═════ Dataset
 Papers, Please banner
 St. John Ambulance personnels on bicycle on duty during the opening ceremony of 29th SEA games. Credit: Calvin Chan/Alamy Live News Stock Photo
══════════
═════ Dataset
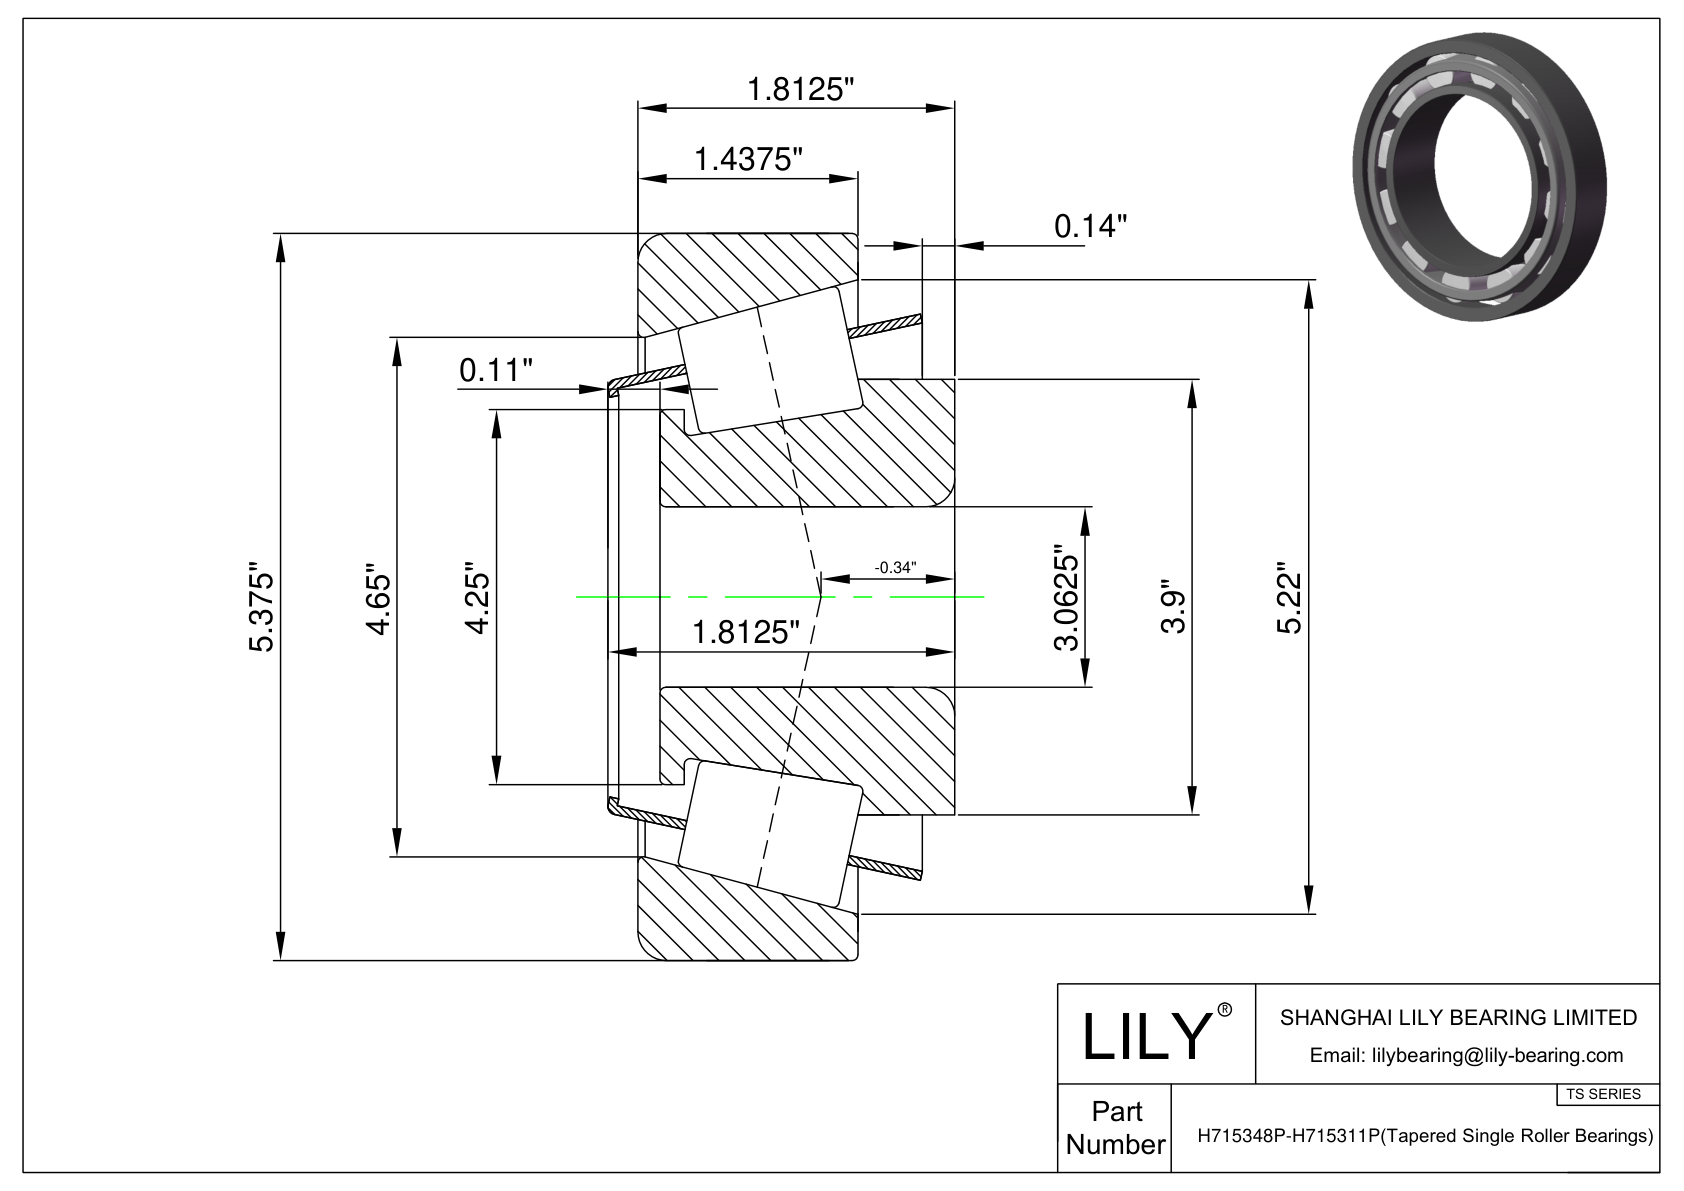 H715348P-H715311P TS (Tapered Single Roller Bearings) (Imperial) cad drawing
══════════
═════ Dataset
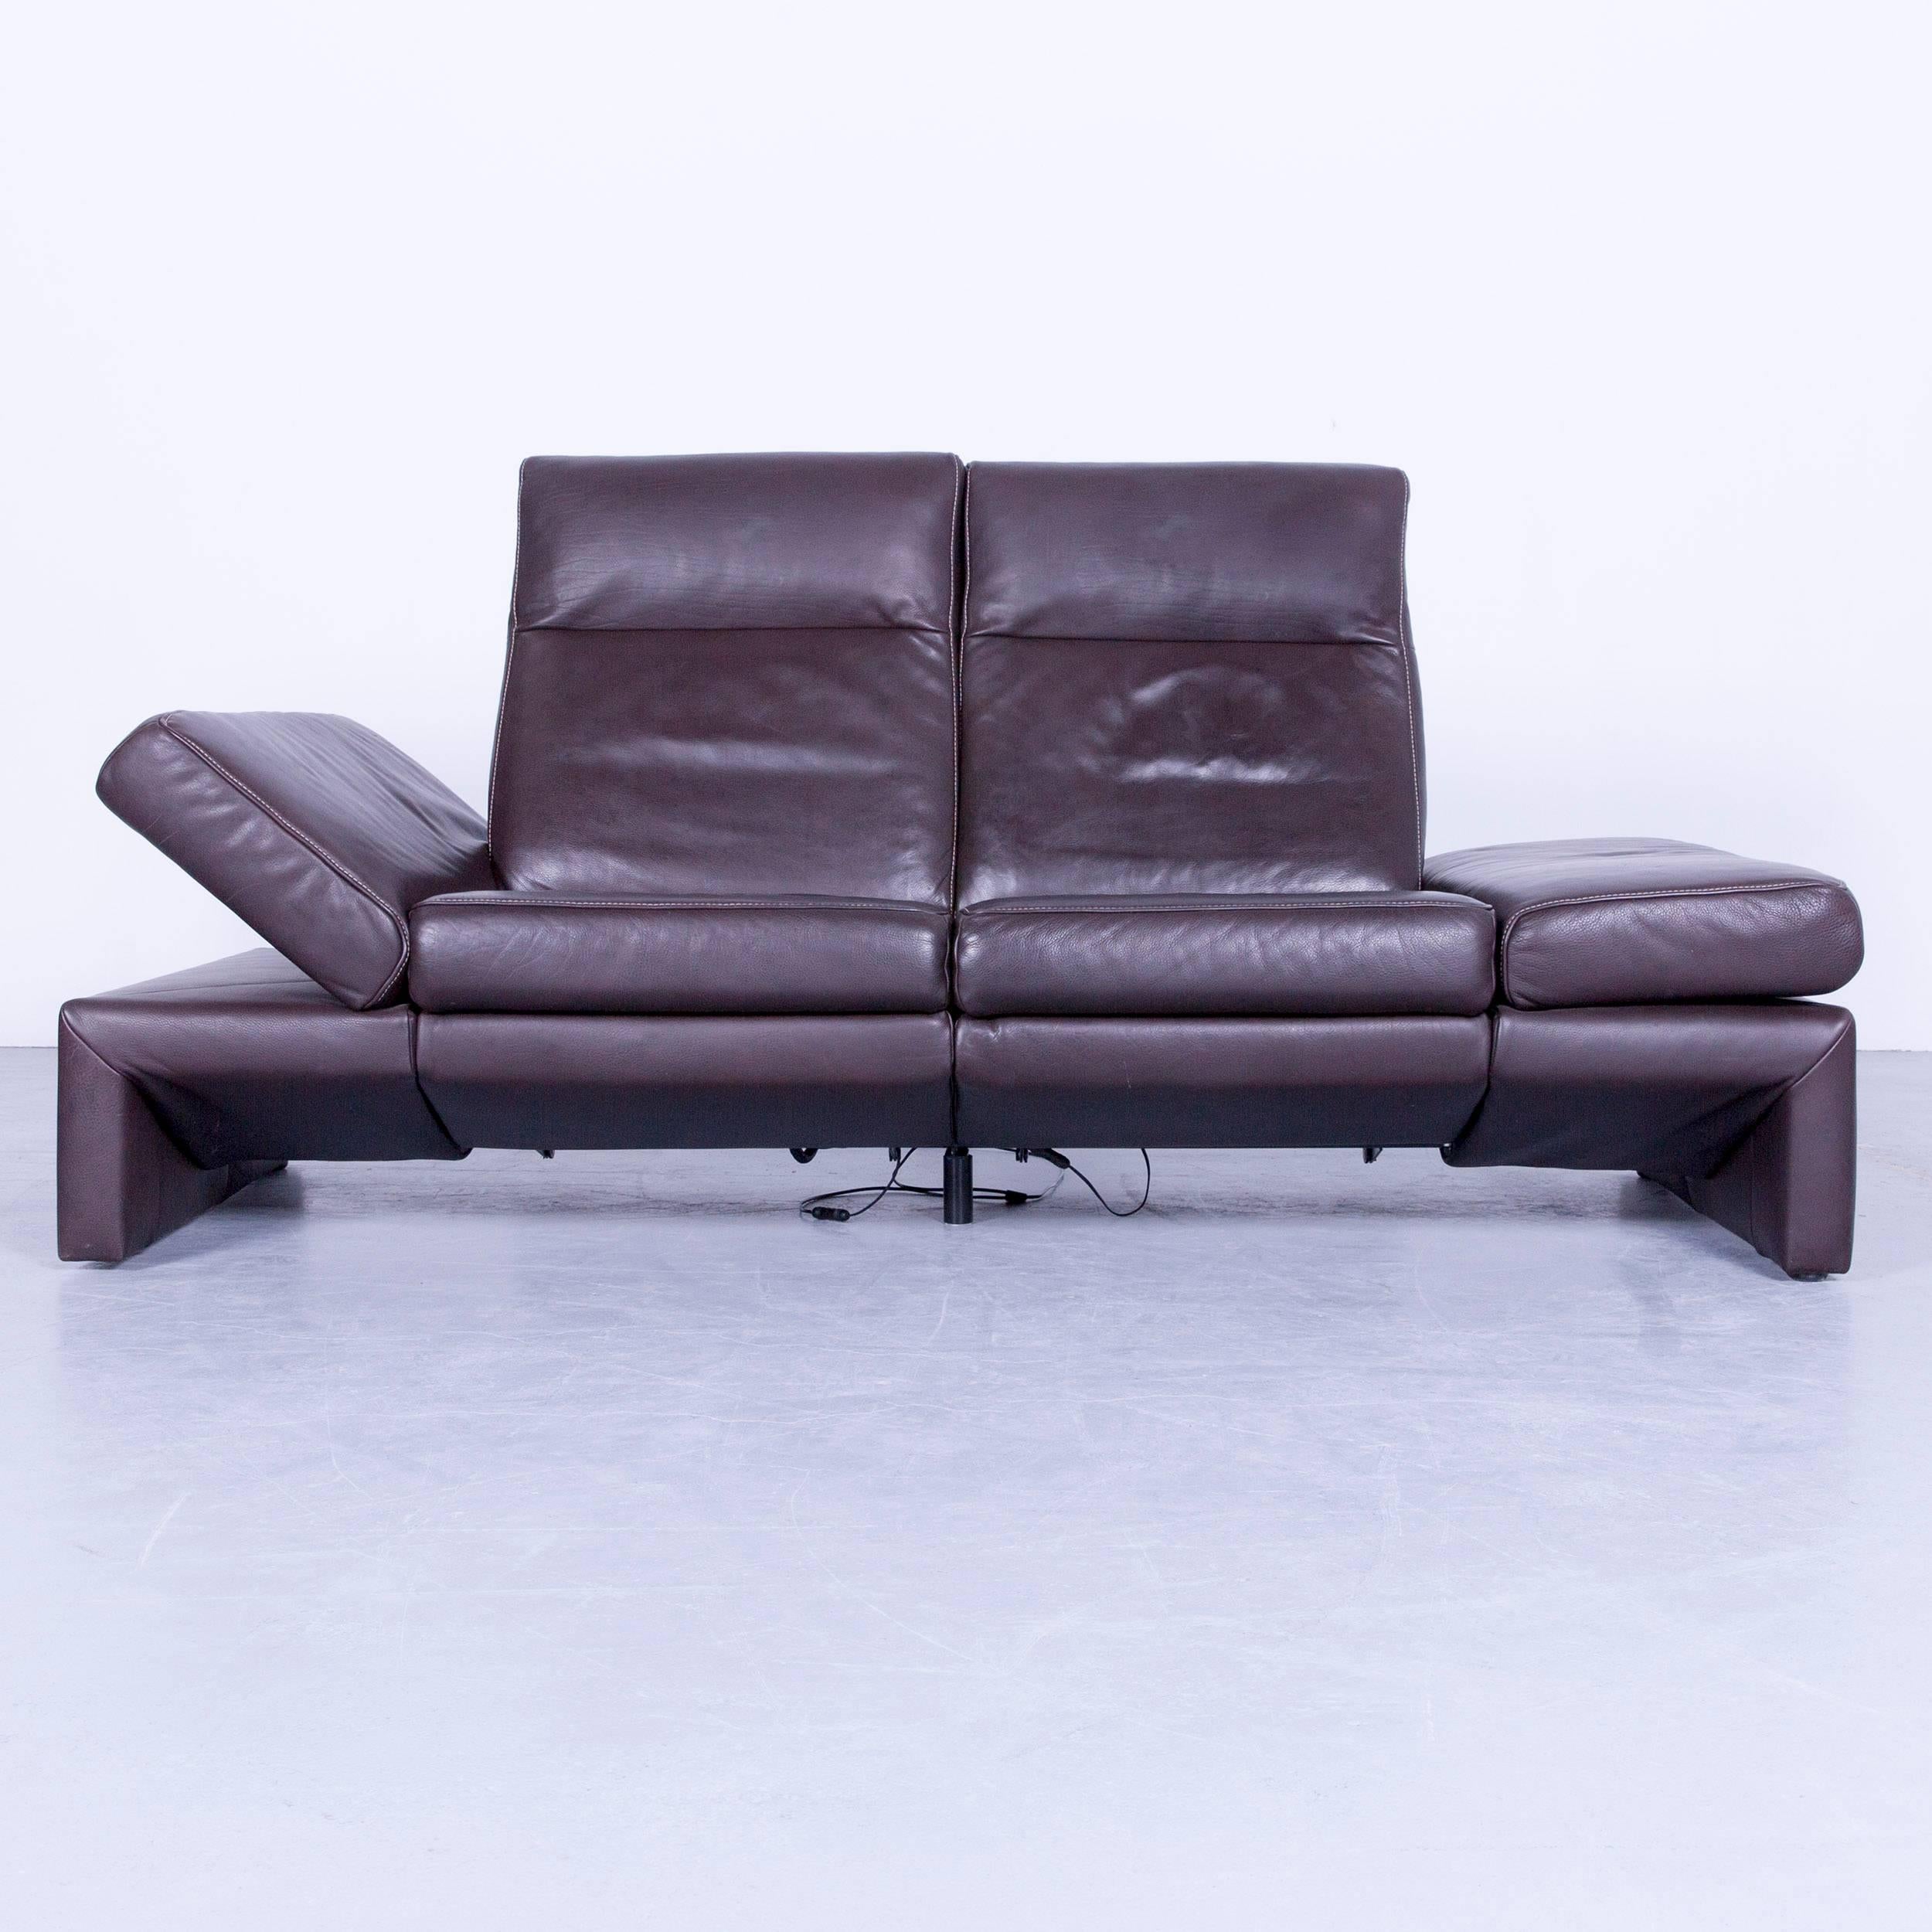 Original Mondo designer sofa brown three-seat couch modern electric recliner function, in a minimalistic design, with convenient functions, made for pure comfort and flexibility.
══════════
* _Activity_
For the lines above, output exactly those from the line containing "Papers, Please banner" through the line containing "St. John Ambulance", and skip the others.

* _Exercise result_
 Papers, Please banner
 St. John Ambulance personnels on bicycle on duty during the opening ceremony of 29th SEA games. Credit: Calvin Chan/Alamy Live News Stock Photo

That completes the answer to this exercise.